◆ **PROBLEM REQUIREMENTS**
The result should be the listing below, restated exactly, with its pictures left out.

◆ **PROVIDED MATERIAL**

[Start of Attachment]

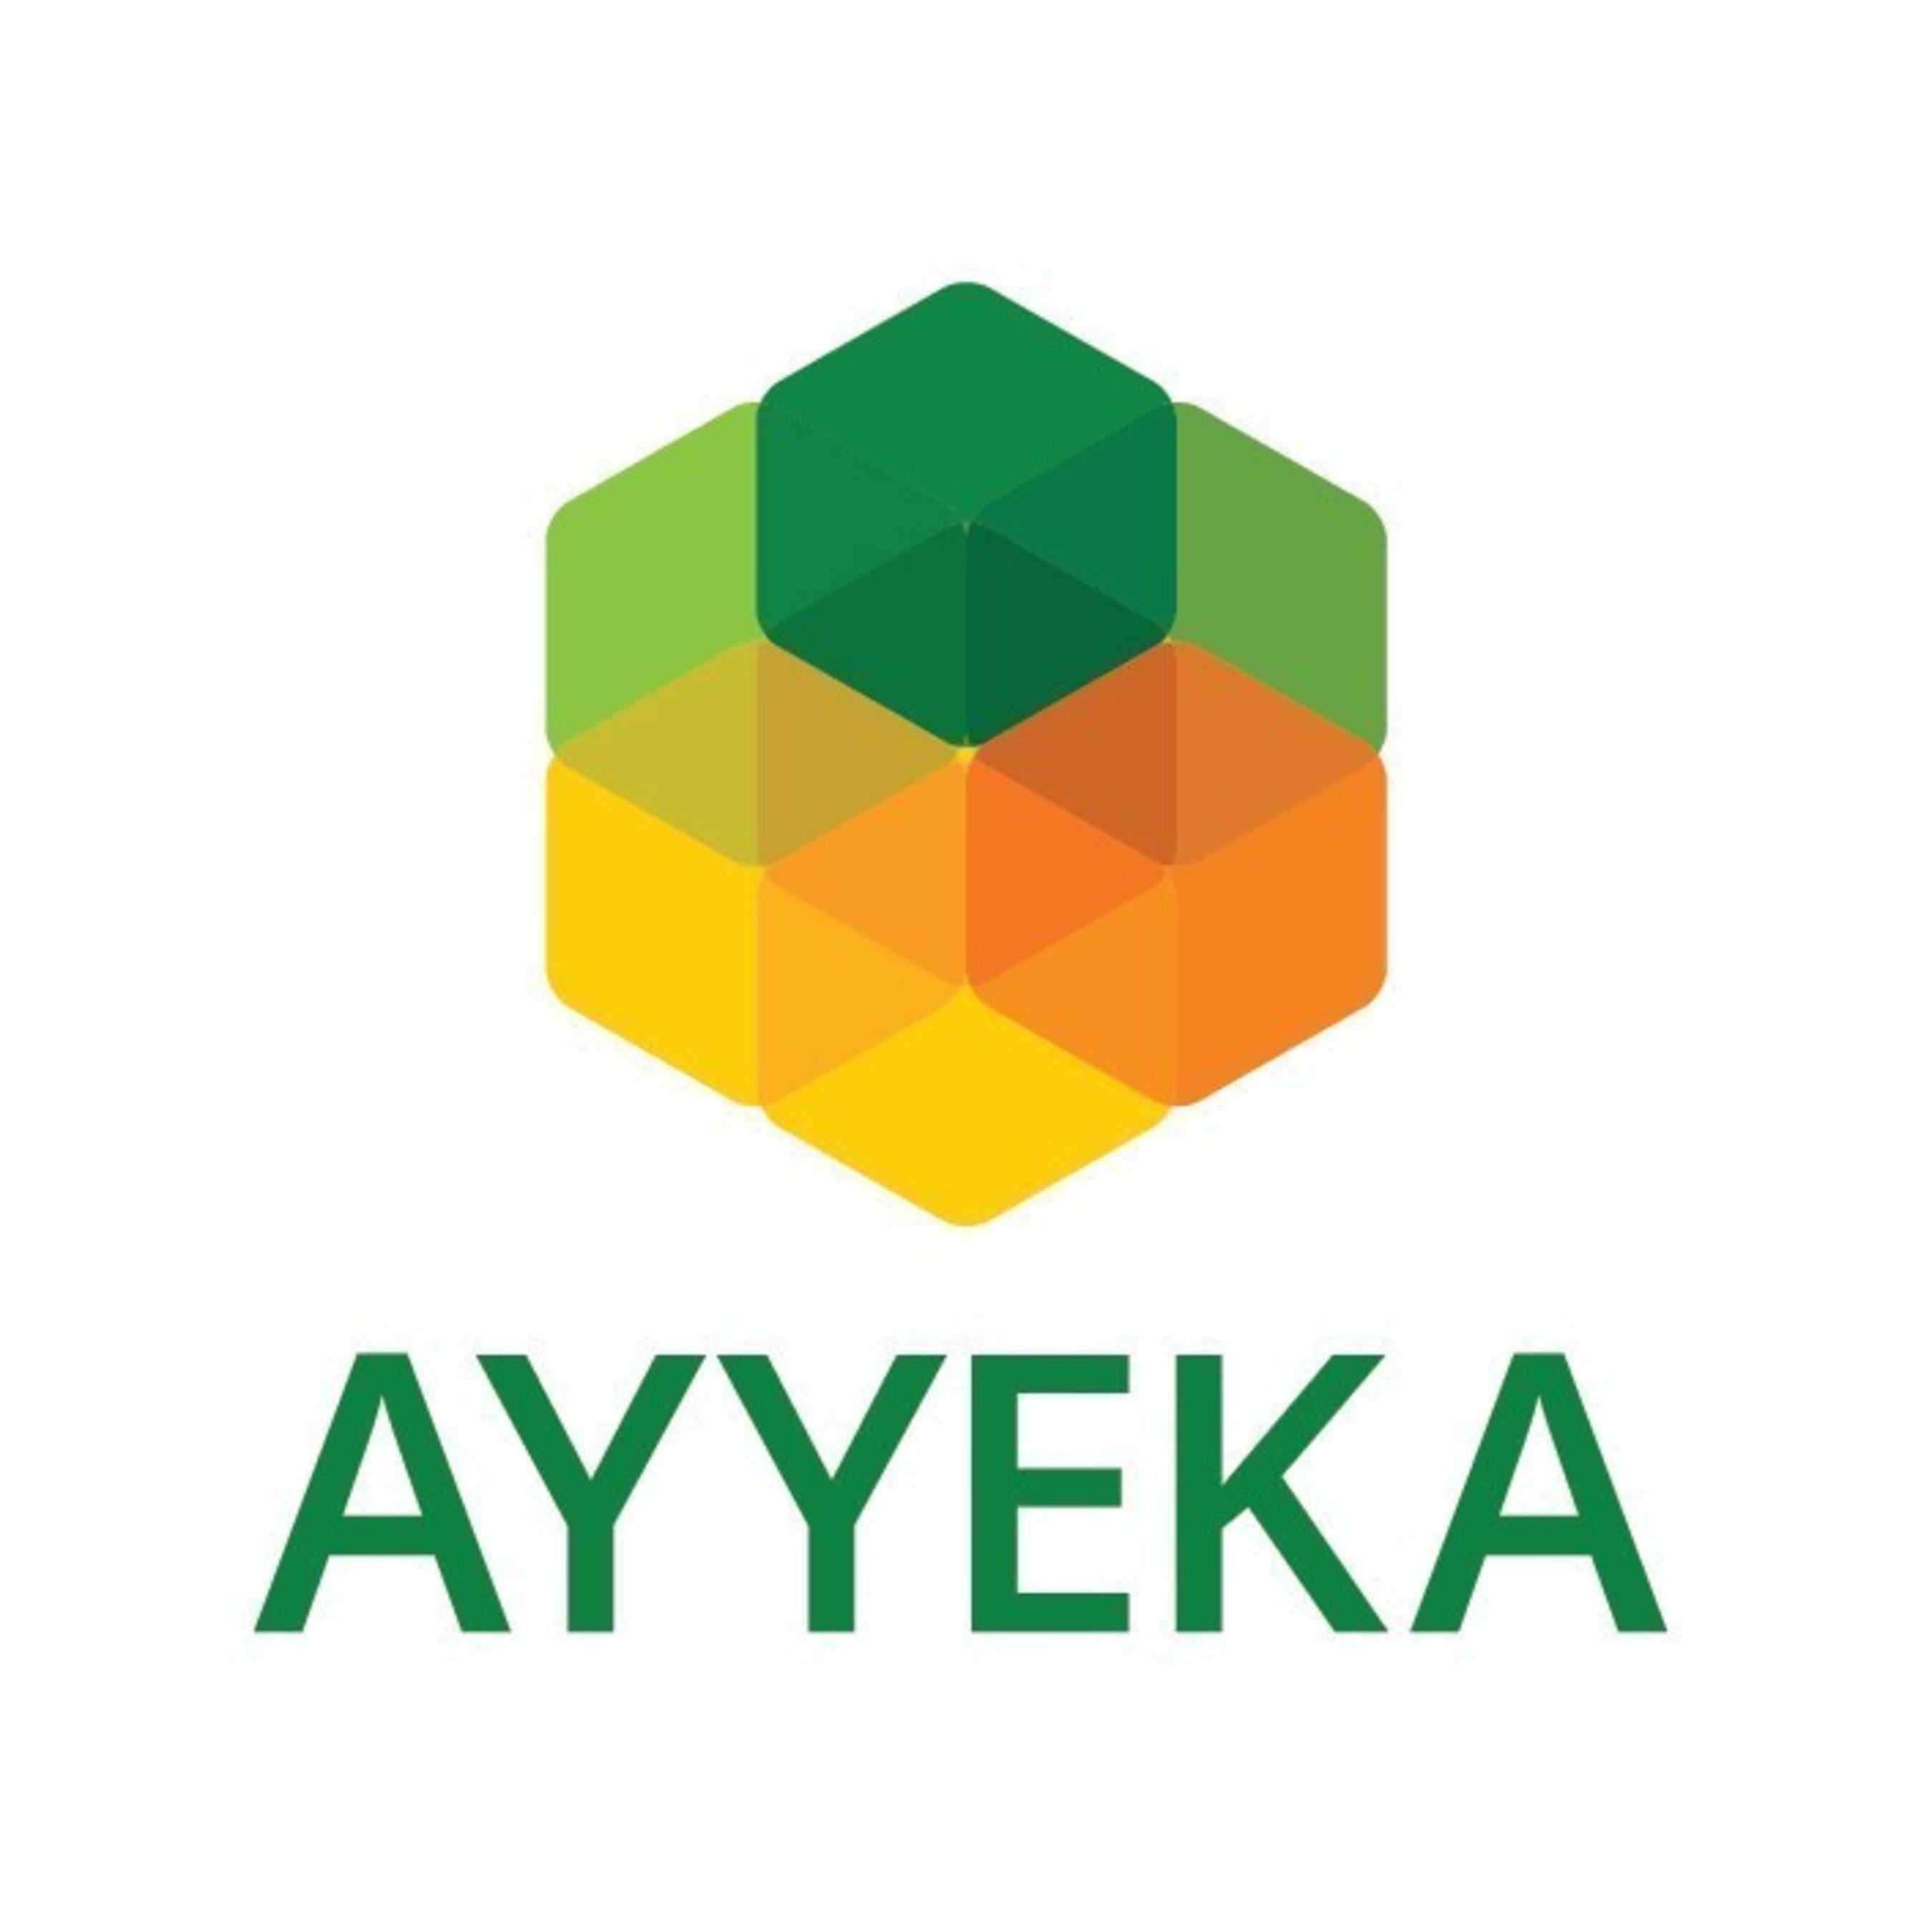 Ayyeka logo.
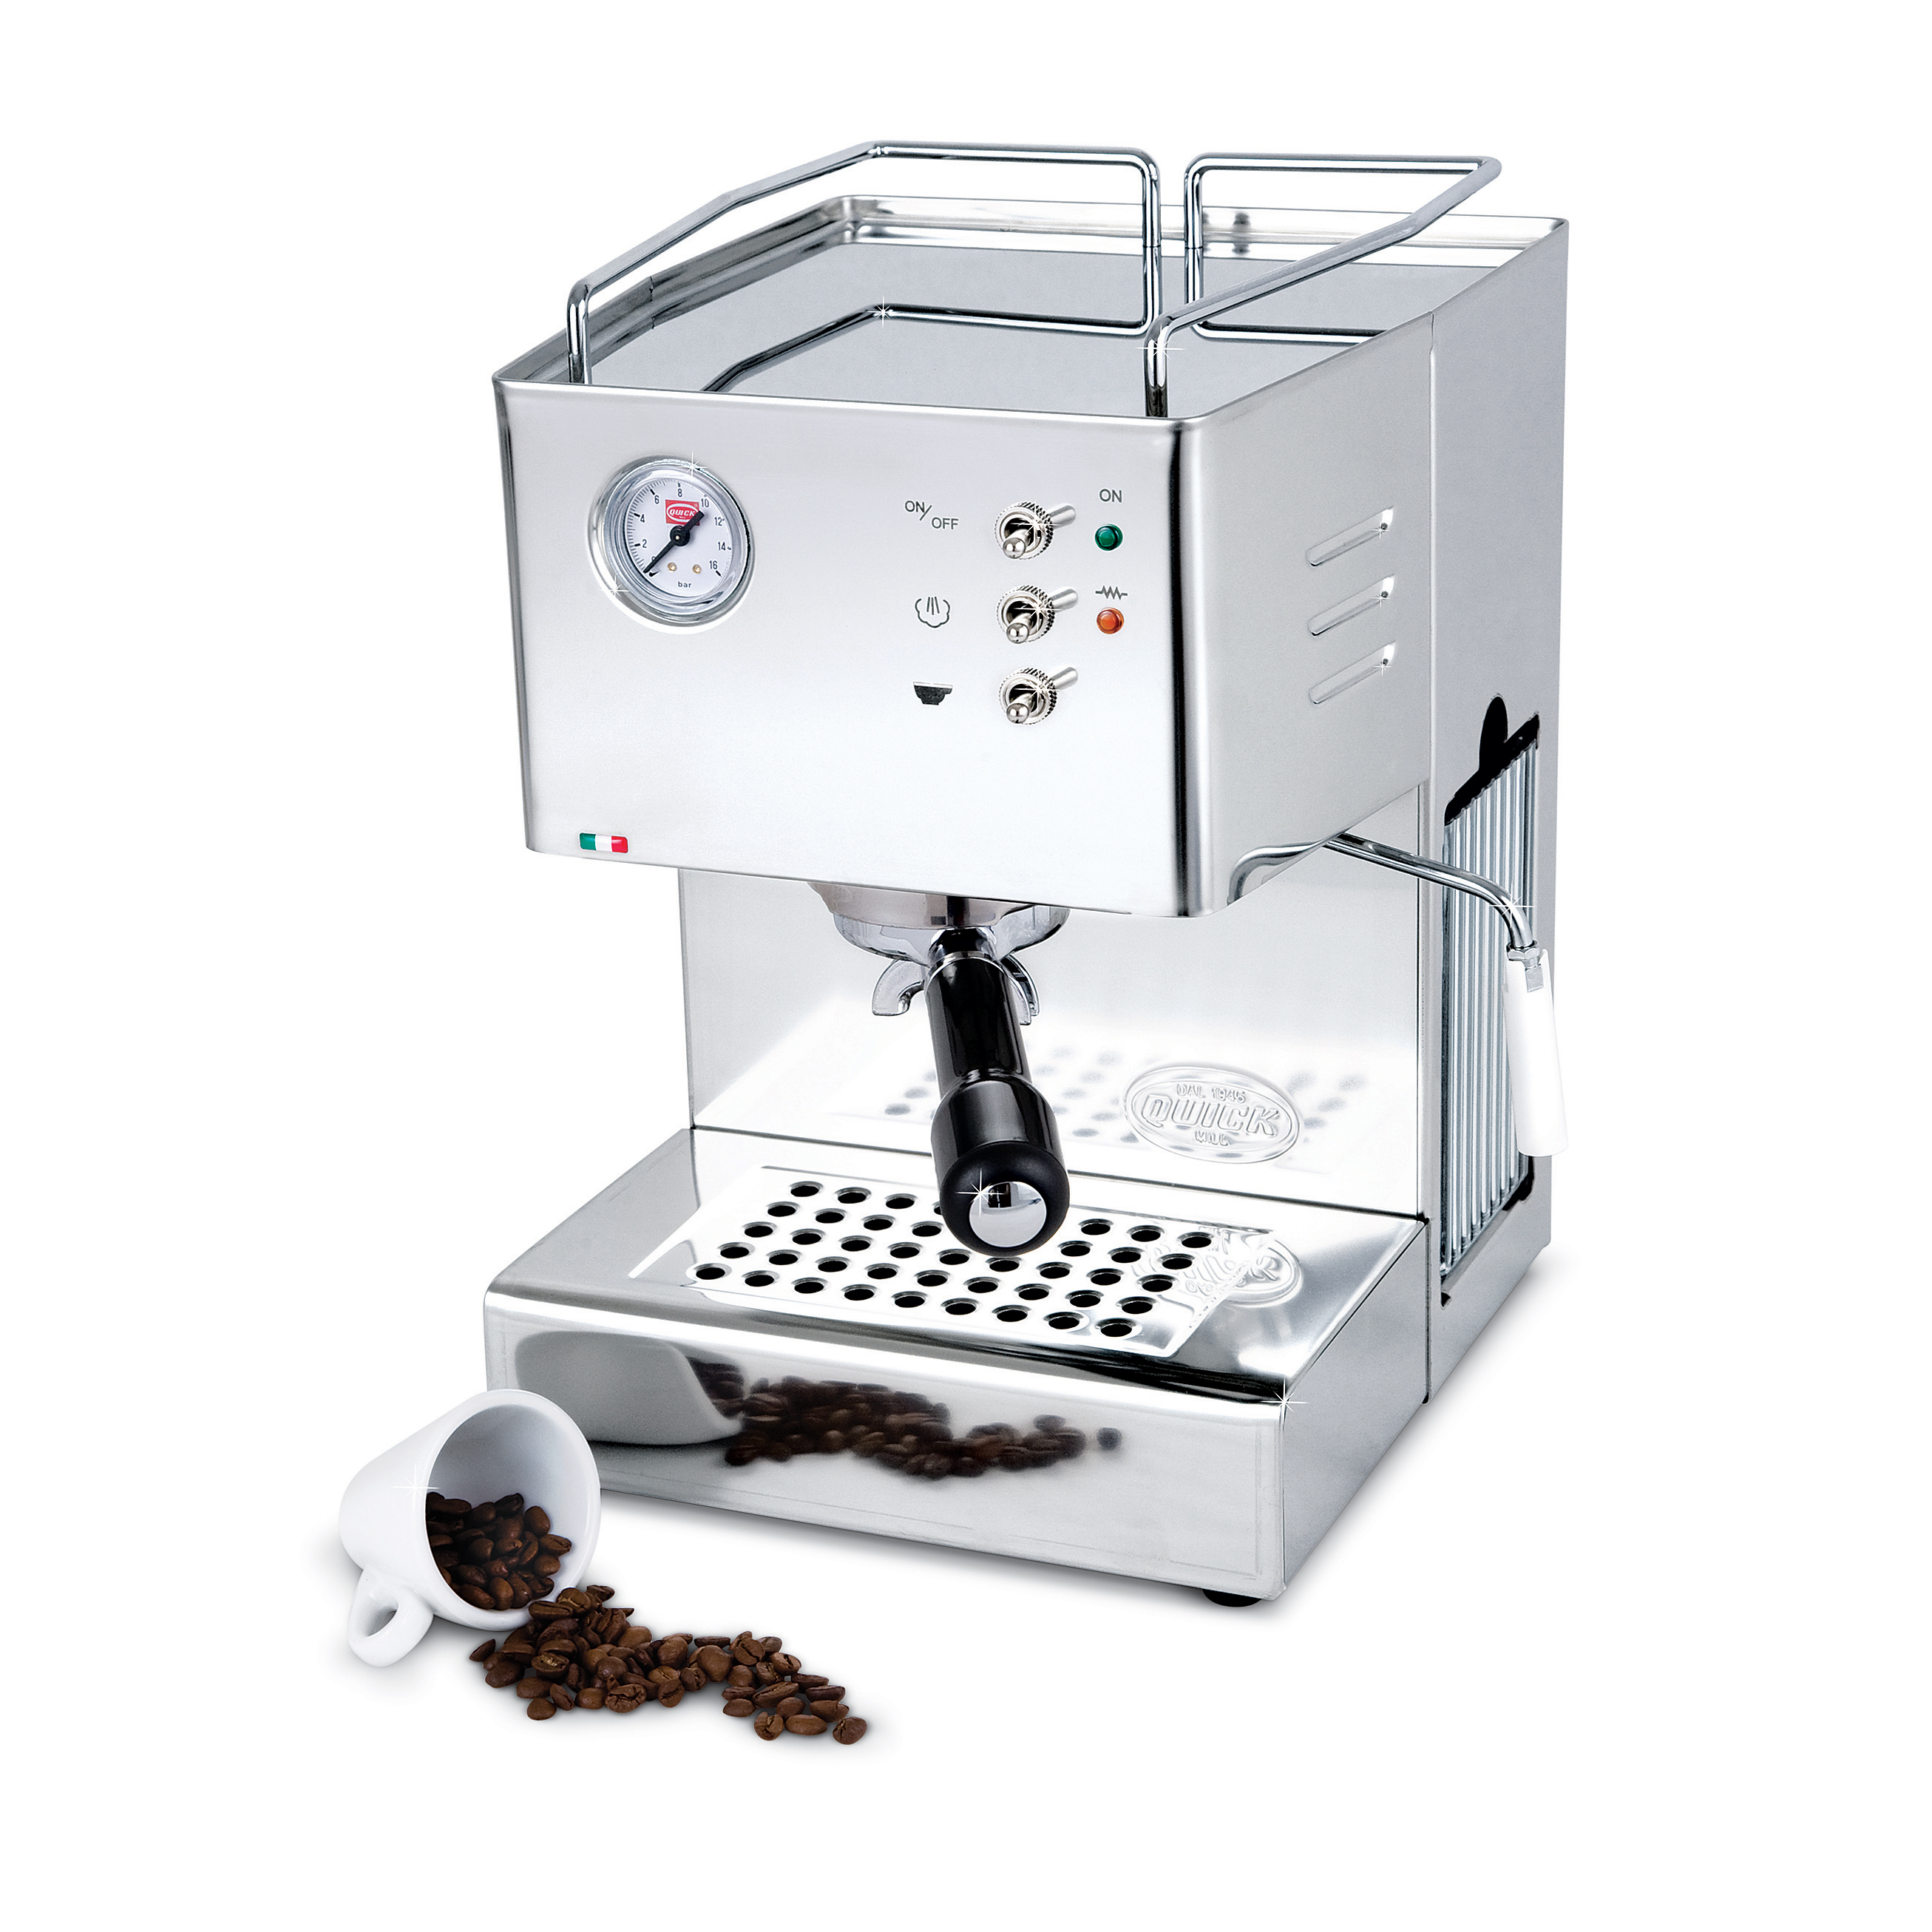 """Quickmill Modell 3000 """"Orione"""" Siebträger Espressomaschine"""
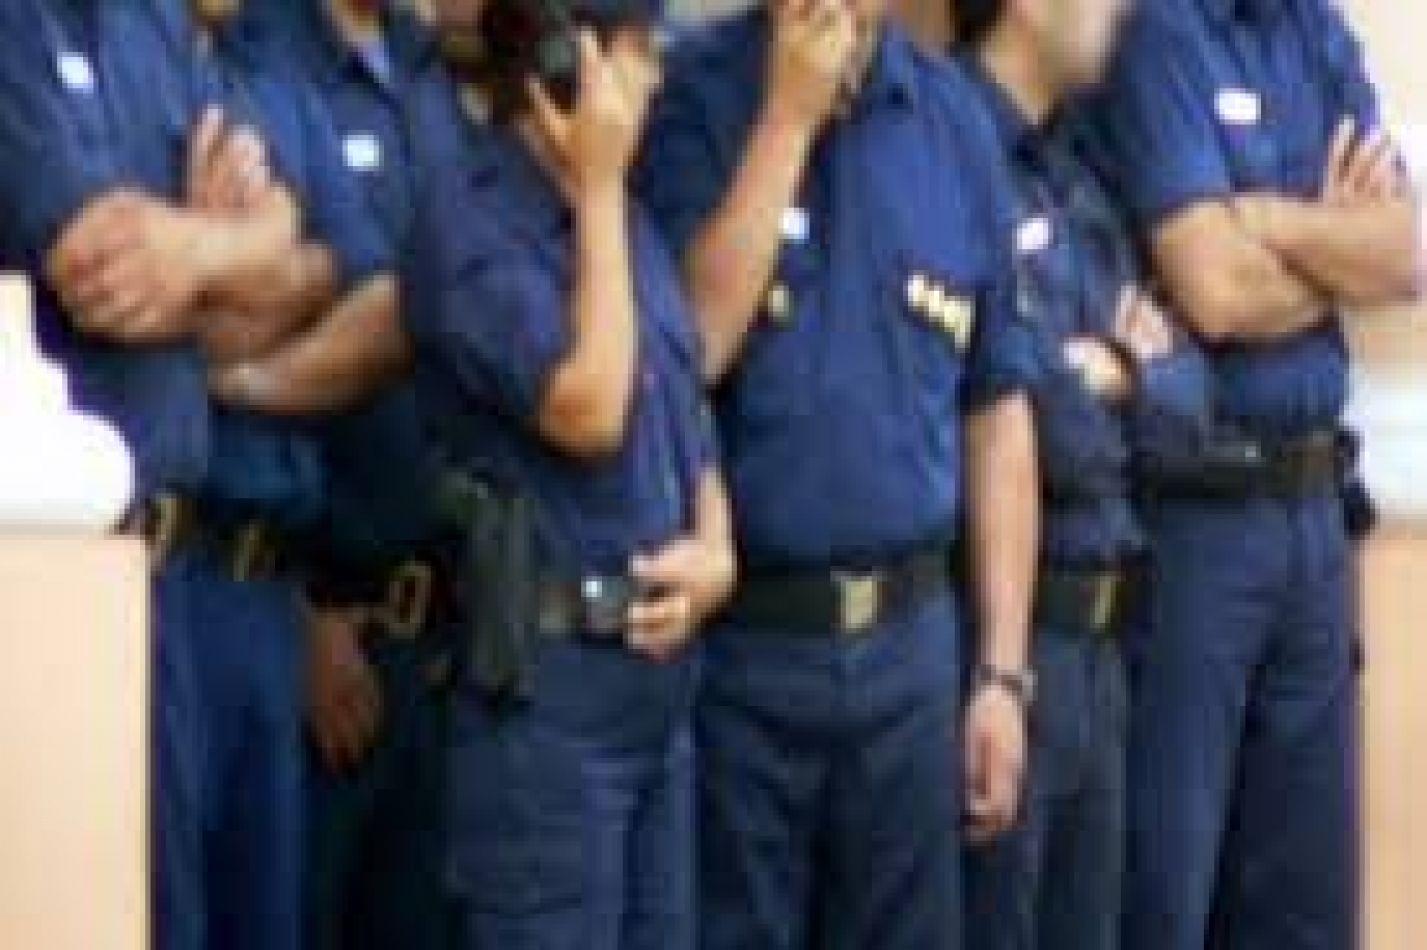 Seis policías salteños imputados por matar a un joven en Villa Primavera

[End of Attachment]

◆ **YOUR SOLUTION**
 Ayyeka logo.
 """Quickmill Modell 3000 """"Orione"""" Siebträger Espressomaschine"""
 Seis policías salteños imputados por matar a un joven en Villa Primavera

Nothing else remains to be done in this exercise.